■ What you are asked to do ■
The answer must be one number: how many lines below contain the word "with".

■ Records to process ■
+ + + + +

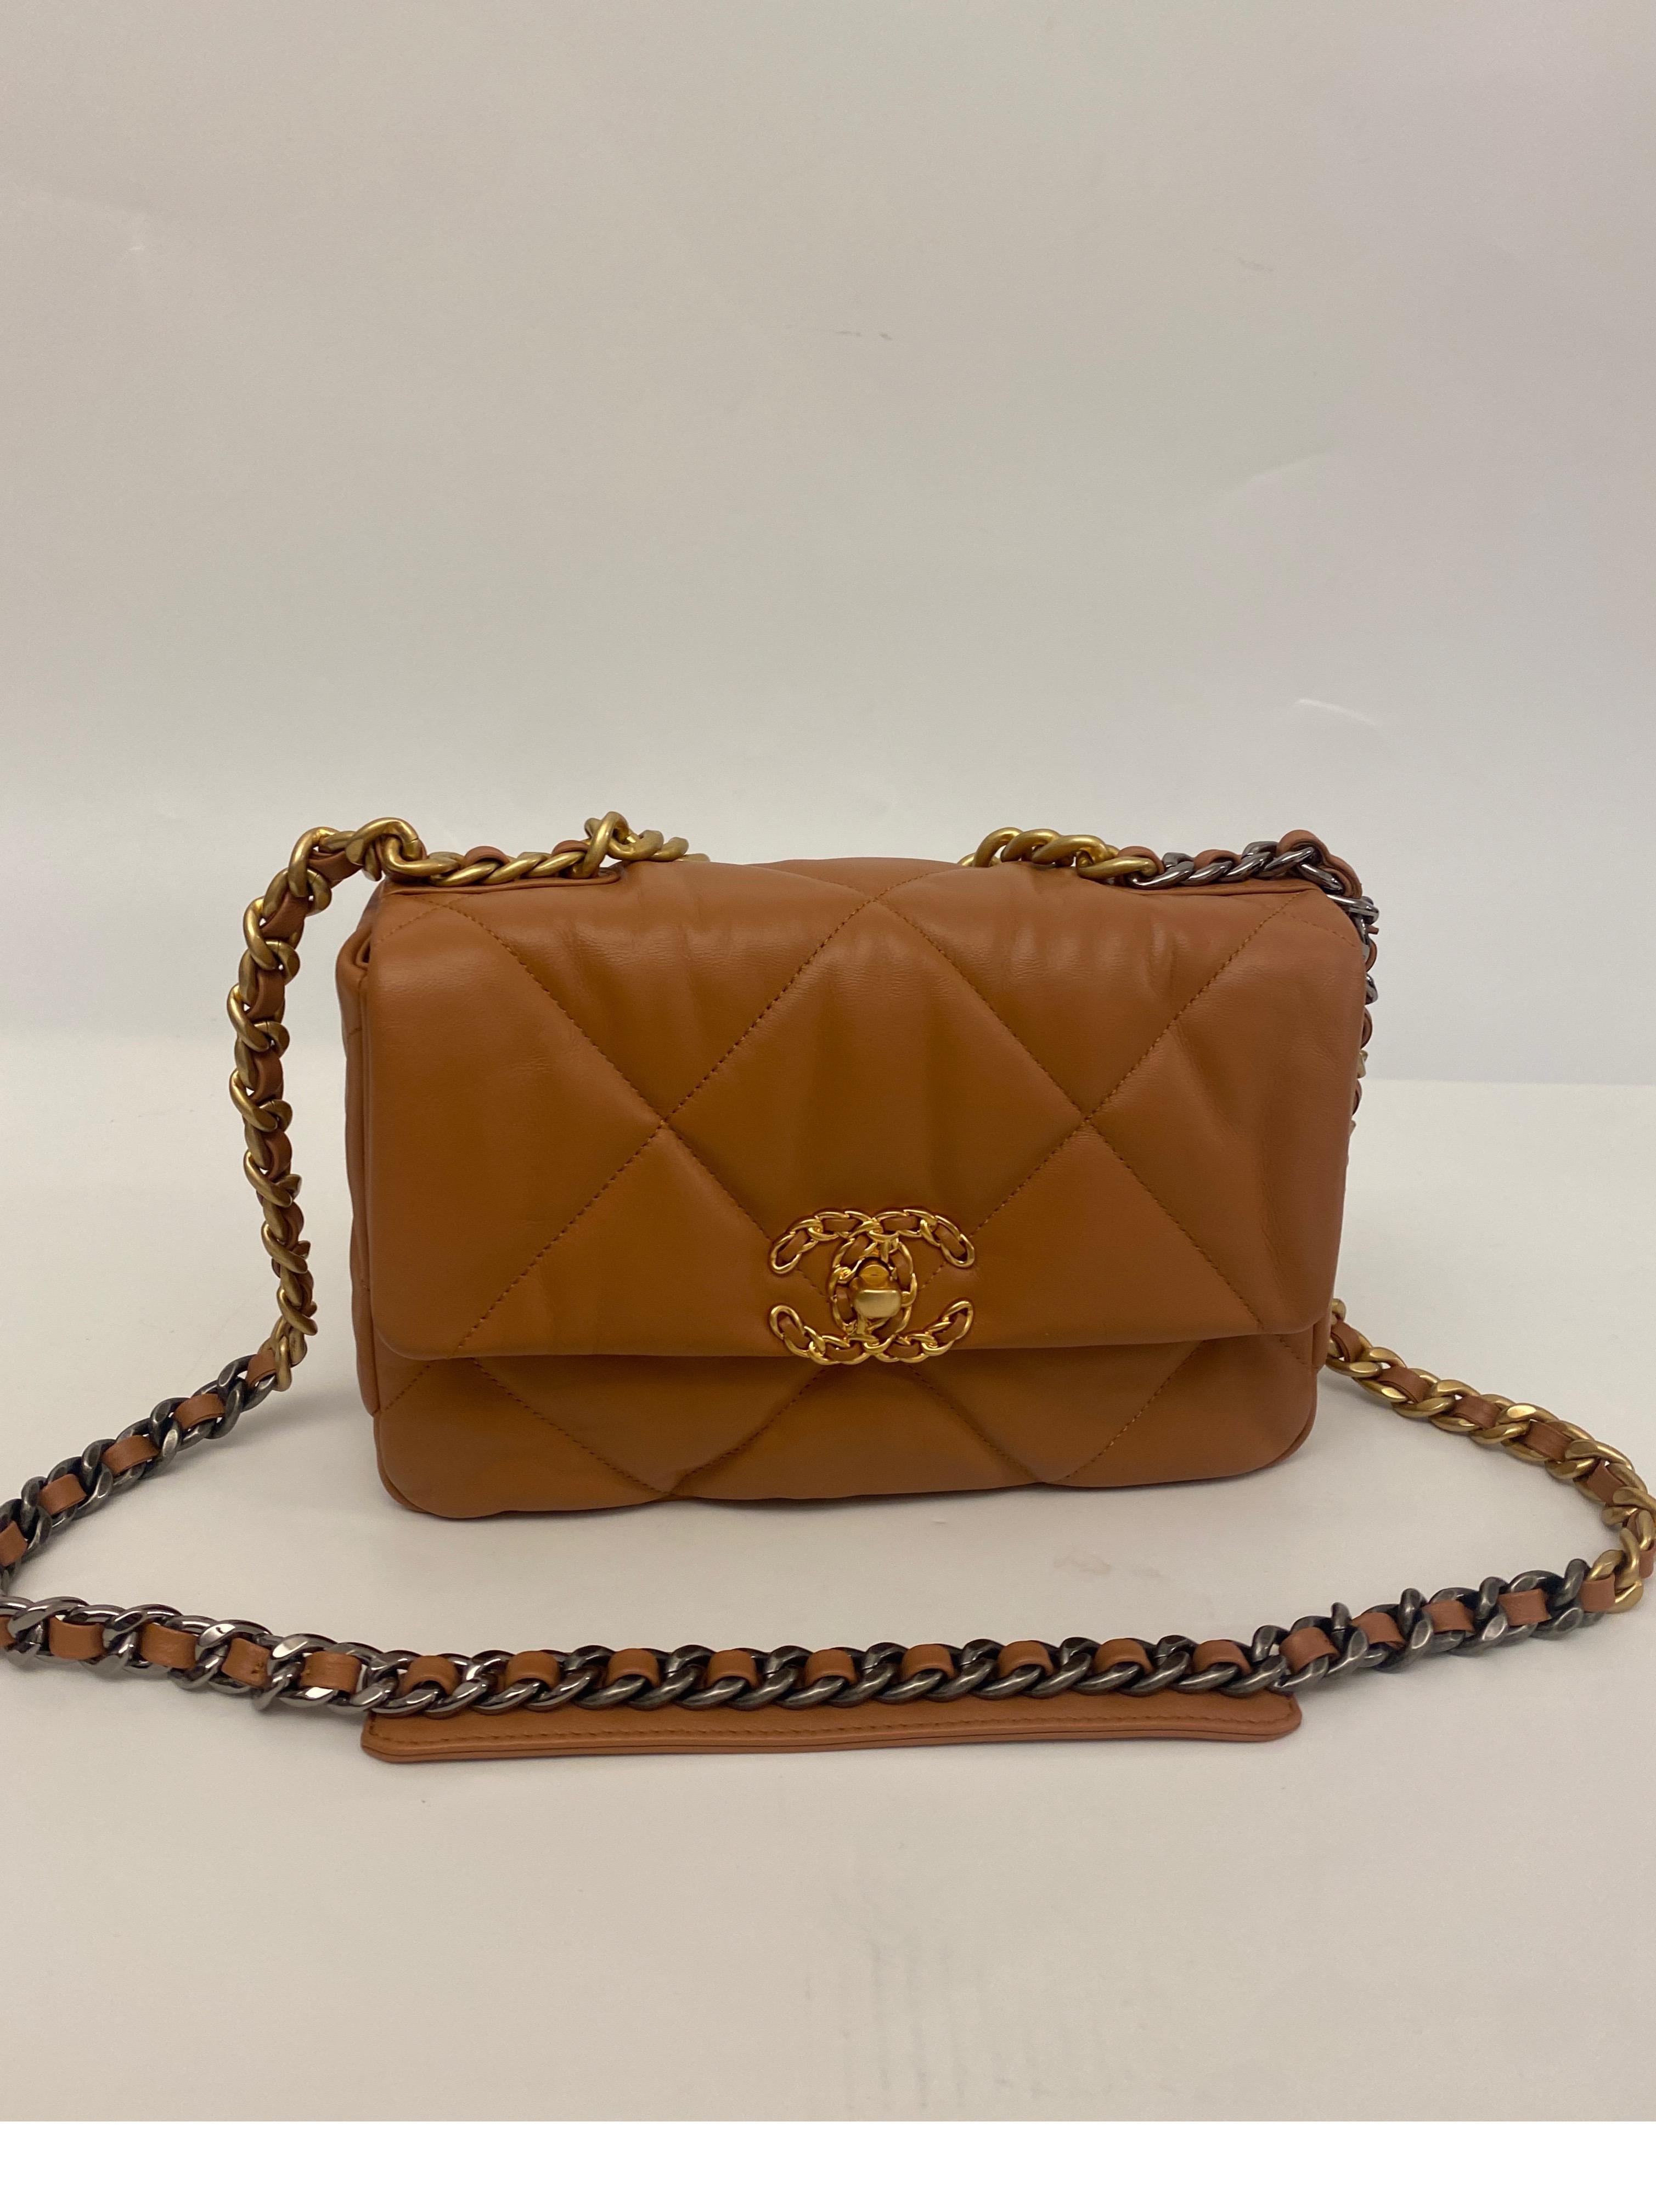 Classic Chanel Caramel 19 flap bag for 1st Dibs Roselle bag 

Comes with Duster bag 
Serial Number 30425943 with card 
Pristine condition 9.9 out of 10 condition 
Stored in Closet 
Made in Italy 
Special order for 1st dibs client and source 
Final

+ + + + +

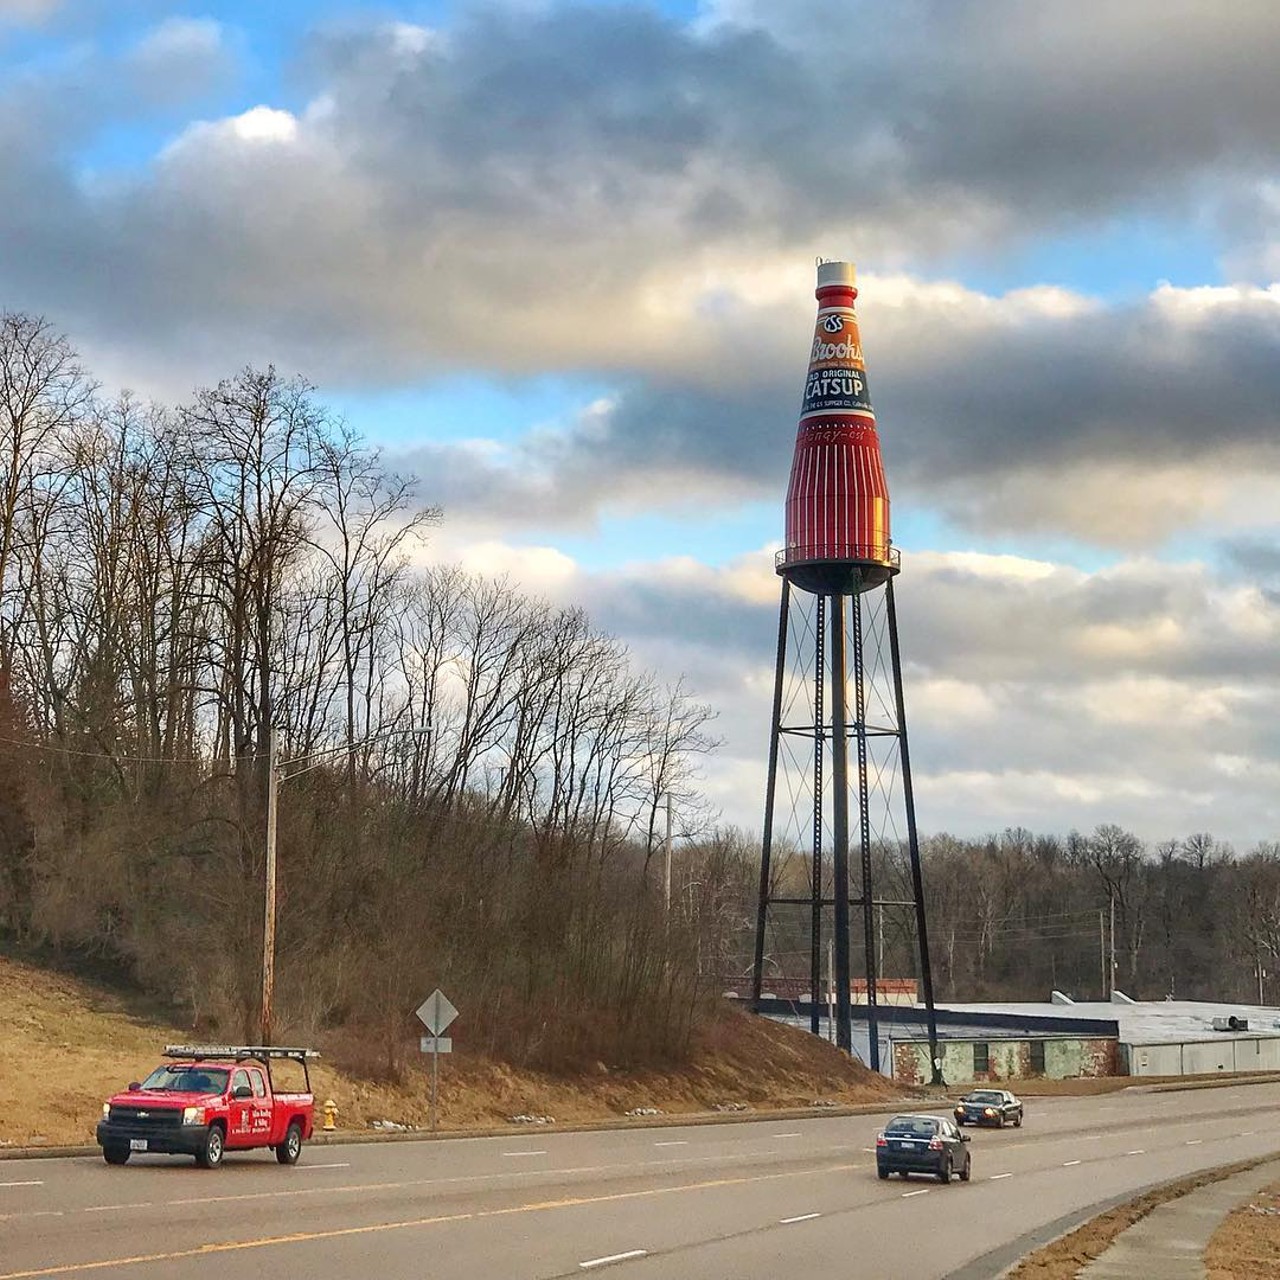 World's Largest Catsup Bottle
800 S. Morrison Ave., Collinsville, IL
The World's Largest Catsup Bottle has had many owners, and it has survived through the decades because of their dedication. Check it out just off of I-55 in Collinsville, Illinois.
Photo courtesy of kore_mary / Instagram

+ + + + +

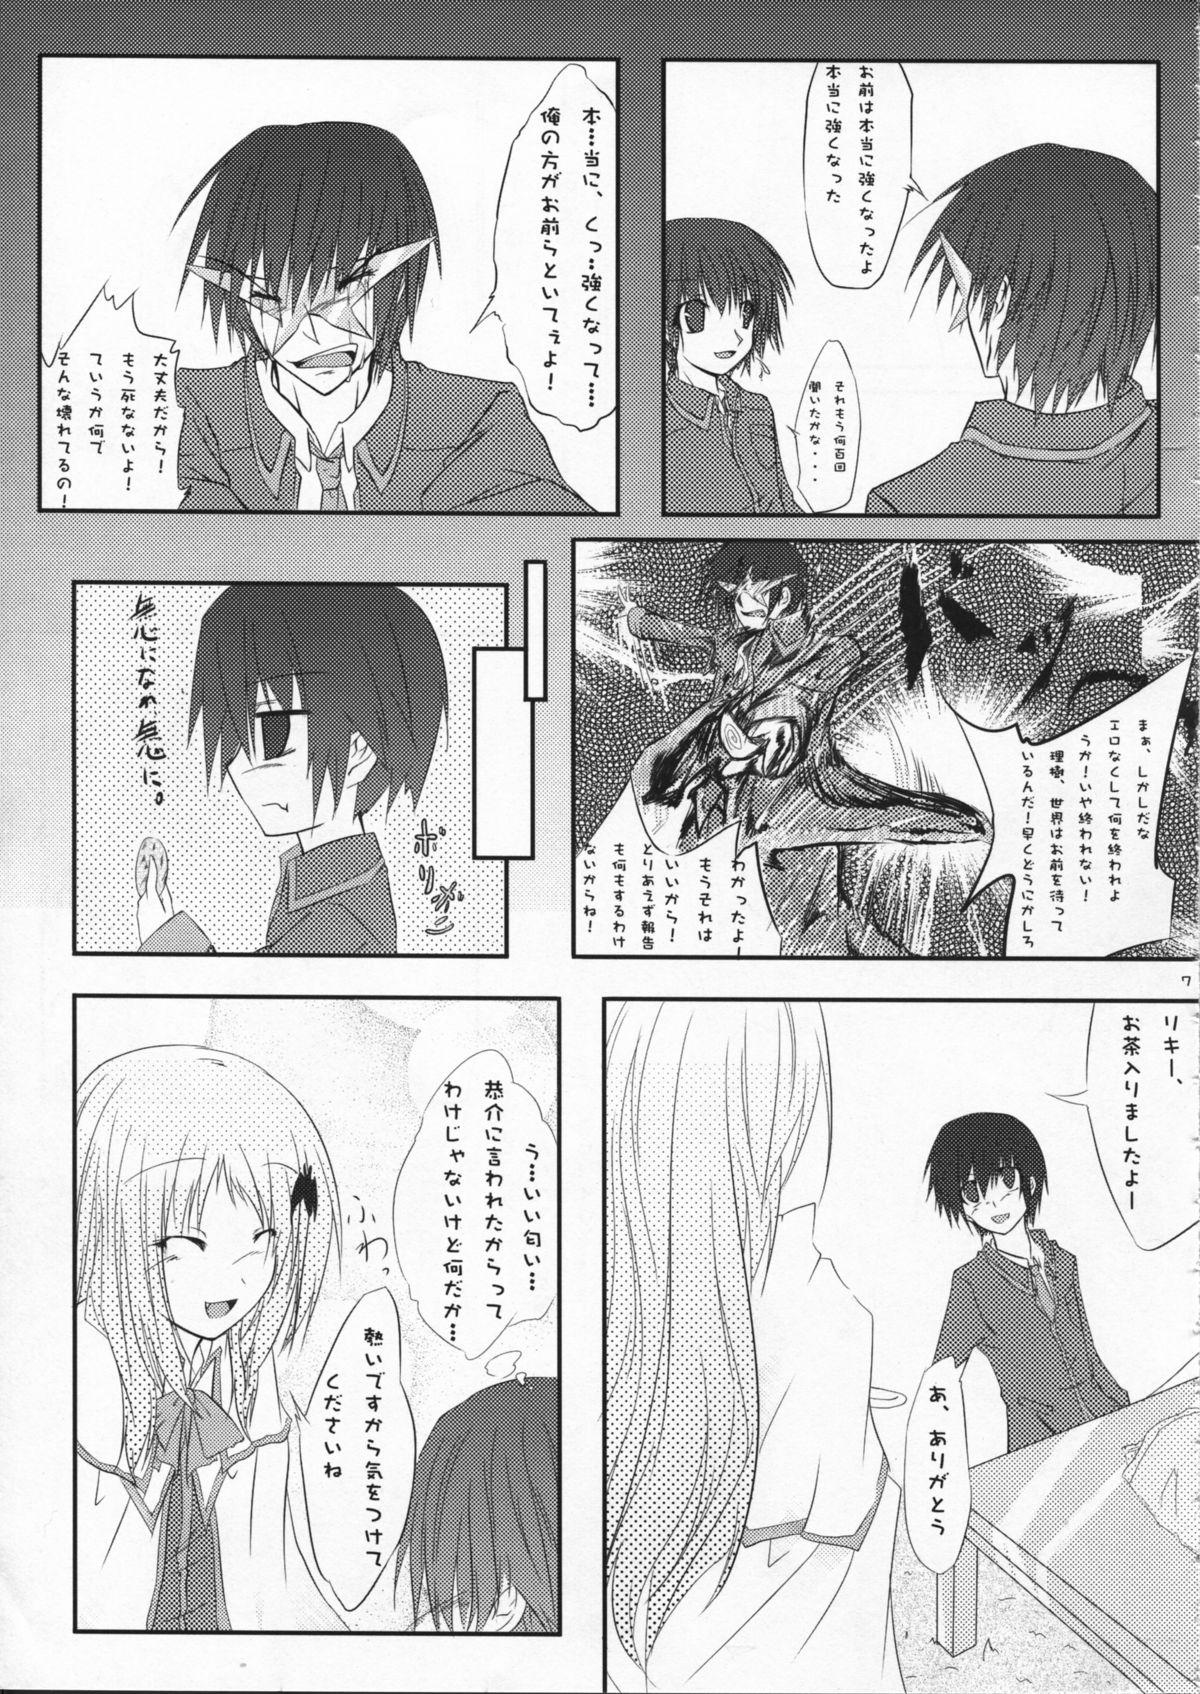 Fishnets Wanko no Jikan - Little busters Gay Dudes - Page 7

+ + + + +

■ Exercise output ■
2